■ SOURCE RECORDS ■
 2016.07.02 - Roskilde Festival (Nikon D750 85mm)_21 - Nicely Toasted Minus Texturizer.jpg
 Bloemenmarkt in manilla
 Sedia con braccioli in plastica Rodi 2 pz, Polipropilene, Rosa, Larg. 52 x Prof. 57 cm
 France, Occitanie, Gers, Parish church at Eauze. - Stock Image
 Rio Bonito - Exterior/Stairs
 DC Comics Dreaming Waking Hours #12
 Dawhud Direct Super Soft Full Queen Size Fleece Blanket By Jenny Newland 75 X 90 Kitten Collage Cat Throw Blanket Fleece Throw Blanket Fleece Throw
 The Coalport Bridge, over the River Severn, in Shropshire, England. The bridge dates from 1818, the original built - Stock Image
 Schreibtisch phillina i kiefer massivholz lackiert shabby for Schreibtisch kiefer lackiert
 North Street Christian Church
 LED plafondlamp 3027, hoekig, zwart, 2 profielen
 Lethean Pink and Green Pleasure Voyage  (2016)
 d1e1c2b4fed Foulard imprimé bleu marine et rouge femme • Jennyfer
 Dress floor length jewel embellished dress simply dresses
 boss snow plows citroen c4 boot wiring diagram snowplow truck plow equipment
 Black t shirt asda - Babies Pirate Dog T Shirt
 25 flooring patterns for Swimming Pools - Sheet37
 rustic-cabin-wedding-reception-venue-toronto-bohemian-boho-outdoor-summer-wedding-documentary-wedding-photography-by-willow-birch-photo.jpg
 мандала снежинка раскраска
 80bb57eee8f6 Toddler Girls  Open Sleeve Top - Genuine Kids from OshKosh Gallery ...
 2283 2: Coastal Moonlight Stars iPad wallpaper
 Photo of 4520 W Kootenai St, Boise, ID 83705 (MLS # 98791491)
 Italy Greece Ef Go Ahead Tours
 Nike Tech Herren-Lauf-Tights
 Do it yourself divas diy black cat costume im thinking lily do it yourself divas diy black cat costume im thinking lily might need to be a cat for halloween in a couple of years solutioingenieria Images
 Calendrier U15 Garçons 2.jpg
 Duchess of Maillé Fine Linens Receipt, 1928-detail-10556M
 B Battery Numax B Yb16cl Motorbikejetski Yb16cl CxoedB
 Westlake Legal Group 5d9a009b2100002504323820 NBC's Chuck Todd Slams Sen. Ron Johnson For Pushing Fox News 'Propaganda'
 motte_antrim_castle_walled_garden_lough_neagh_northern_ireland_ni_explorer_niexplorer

■ WHAT YOU SHOULD DO ■
Extract from the listing above the lines between the line containing "France, Occitanie, Gers, Parish" and the line containing "d1e1c2b4fed Foulard imprimé", keeping both of those lines. Output nothing else.

■ RESULT BELOW ■
 France, Occitanie, Gers, Parish church at Eauze. - Stock Image
 Rio Bonito - Exterior/Stairs
 DC Comics Dreaming Waking Hours #12
 Dawhud Direct Super Soft Full Queen Size Fleece Blanket By Jenny Newland 75 X 90 Kitten Collage Cat Throw Blanket Fleece Throw Blanket Fleece Throw
 The Coalport Bridge, over the River Severn, in Shropshire, England. The bridge dates from 1818, the original built - Stock Image
 Schreibtisch phillina i kiefer massivholz lackiert shabby for Schreibtisch kiefer lackiert
 North Street Christian Church
 LED plafondlamp 3027, hoekig, zwart, 2 profielen
 Lethean Pink and Green Pleasure Voyage  (2016)
 d1e1c2b4fed Foulard imprimé bleu marine et rouge femme • Jennyfer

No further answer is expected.